Я пожал морщинистую руку мадам Камон и пожелал ей хорошего дня.
– До с-субботы!
– Да-да, – проворчала она, возвращаясь туда, откуда пришла, – не иначе, в свой саркофаг.
Пока я смотрел, как она отпирает дверь своего кабинета и скрывается в нем, окутанная облаком отвратительного сигаретного дыма, меня разбирало желание в подражание монаху на стене сплясать посреди читального зала что-нибудь в стиле диско латино.
Выйдя из библиотеки, я вернулся на площадь у церкви Святого Николая. В голове у меня осталась единственная мысль: где бы мне до следующей субботы раздобыть велосипед? Всё могло оказаться сложнее, чем я предполагал…
И тут я увидел на тротуаре напротив велосипед Жипе, «Summer of love», неподвижно стоявший в тени. А рядом сверкал розовой рамой новенький велосипед Лорен.
У меня на лице сама собой появилась улыбка. И в моей голове начали крутиться слова Тома Петти.
– Даже проигравшим, – напевал я, поднимаясь по улице Сешан, – даже проигравшим иногда везет.
2. Огонек на поверхности океана
Тем летом в моде были длинные футболки, толстые клетчатые рубахи и грязные штаны. Это называлось «в стиле гранж». Изначально гранж был стилем рока и появился на западном побережье Соединенных Штатов, где-то около Сиэтла. А вообще это сводилось к тому, чтобы ходить с немытой головой, в рваных джинсах и выглядеть более или менее пропащим.
– Кранш? Что еще за кранш?
Папа, само собой, ничего в этом не понимал.
– Слышала, Мадлен? Твой сын превратил свои штаны в кранш. Ты только посмотри на это безобразие. Дырка на дырке!
Мама вышла из кухни с феном в одной руке и горстью бигуди в другой.
Она нигде не работала и целыми днями гладила нашу одежду, готовила еду и наводила дома порядок. Мне кажется, ей не очень нравилось так жить. Но, как бы там ни было, что за работу она могла найти в коммуне Фижероль-сюр-мер? Тогда уж лучше сидеть дома и «заботиться о нас», как она говорила.
Папа работал на шинном заводе, это на выезде из города. Каждое утро, около пяти, я слышал, как он выходит из дома, садится за руль своего «Рено-17» и уезжает. Я представлял себе, как он едет вдоль нашего квартала, потом мимо Белькура, сворачивает с авеню Бордо на шоссе. А еще лучше я представлял себе, как он ворчит и чертыхается. Моего отца раздражало всё, дай только повод. Коридорная дверь скрипит? Кофе остыл? Сосед оставил свой мусор на тротуаре? От его бдительности ничто не ускользало. И в такие минуты лучше было не попадаться на его пути.
По части недовольства и ворчания он был, можно сказать, гением. Будь по ним чемпионат мира – мы бы точно разбогатели.
К несчастью, такого рода соревнований пока не устраивали. На всю семью заработок был только один, и до конца месяца иногда бывало непросто дотянуть. Почти вся одежда, какую я носил, досталась мне от Адама. Вещи были не то чтобы новые, но всё равно требовалось обращаться с ними аккуратно.
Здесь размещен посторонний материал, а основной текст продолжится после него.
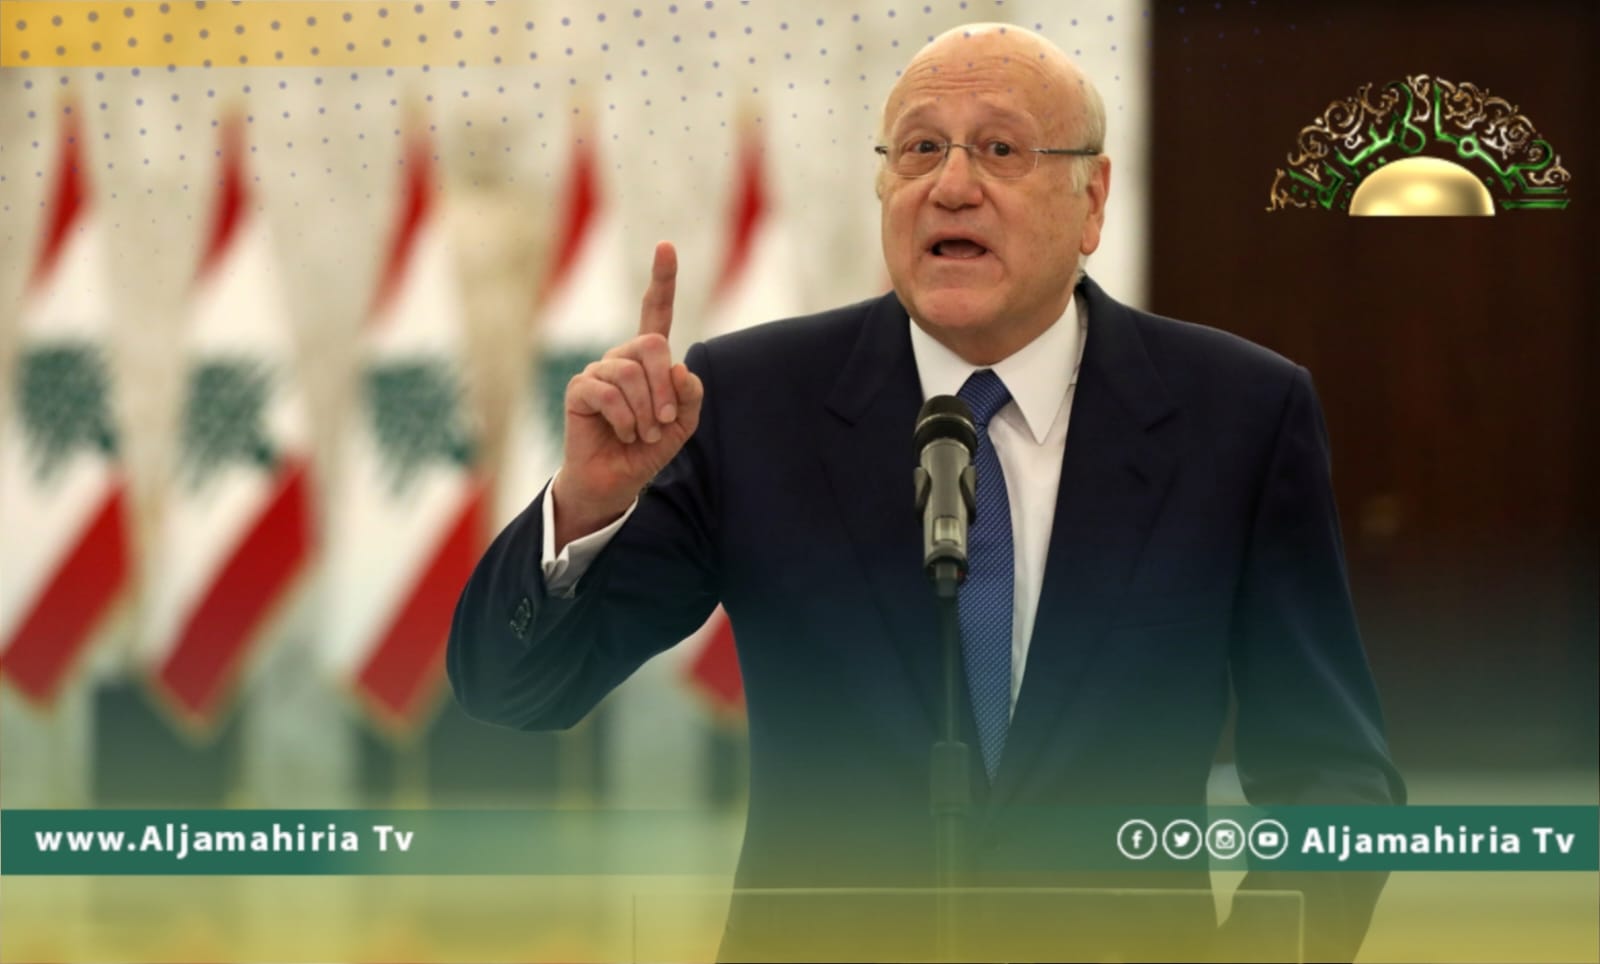 رئيس الحكومة اللبنانية نجيب ميقاتي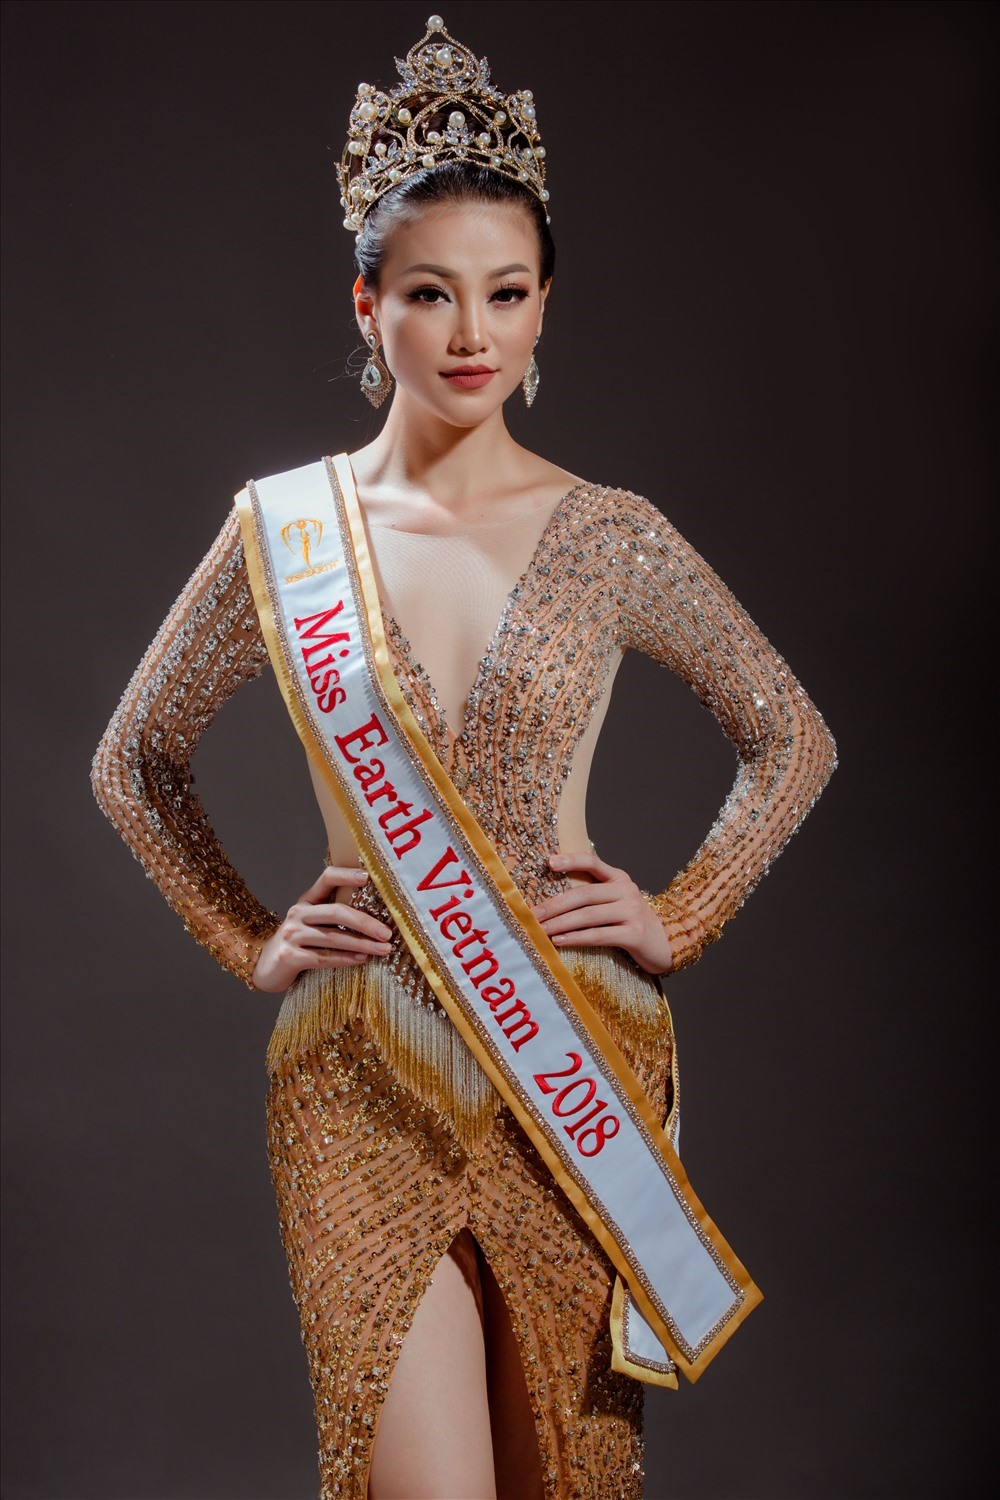 Phương Khánh được đích thân Miss Earth 2015 Angelia Ong lựa chọn theo quan điểm và kinh nghiệm cá nhân trong vòng tuyển chọn được tổ chức tại Hà Nội vào cuối tháng 8/2018 với sự tham dự của gần 200 thí sinh.

Так что для моего отца нарочно дырявить джинсы в смутной надежде стать похожим на Курта Кобейна было не просто глупо. Это было…
– …самое дебильное, что я слышал за всю свою жизнь, дальше ехать некуда!
– Что я могу тебе сказать? – отозвалась мама, выключив фен и снимая с себя последние бигуди. – Мода такая… Сегодня – драные джинсы, завтра будут ночные горшки на голове! Что тут поделаешь? Так уж оно есть.
– Так уж оно есть?! Так уж оно… А что ты вообще делаешь в кухне с феном?
– Ты прекрасно знаешь, что, если я включаю его в ванной, выбивает пробки.
И понеслось: десять минут горьких жалоб, криков и стенаний про состояние нашей электропроводки и халтурную работу электрика в прошлый раз.
– Клянусь тебе, если только он мне попадется – я ему такое устрою!
В следующую субботу я уже в половине девятого стоял у дверей библиотеки. Потертая кожаная куртка, грязные кеды и футболка с надписью «Kiss» на спине: я подготовился к первому дню работы. Почти на всех моих футболках, унаследованных от Адама, были изображения рок-групп или названия фильмов восьмидесятых – все совершенно устаревшие, но у нас не было возможности полностью обновить мой гардероб.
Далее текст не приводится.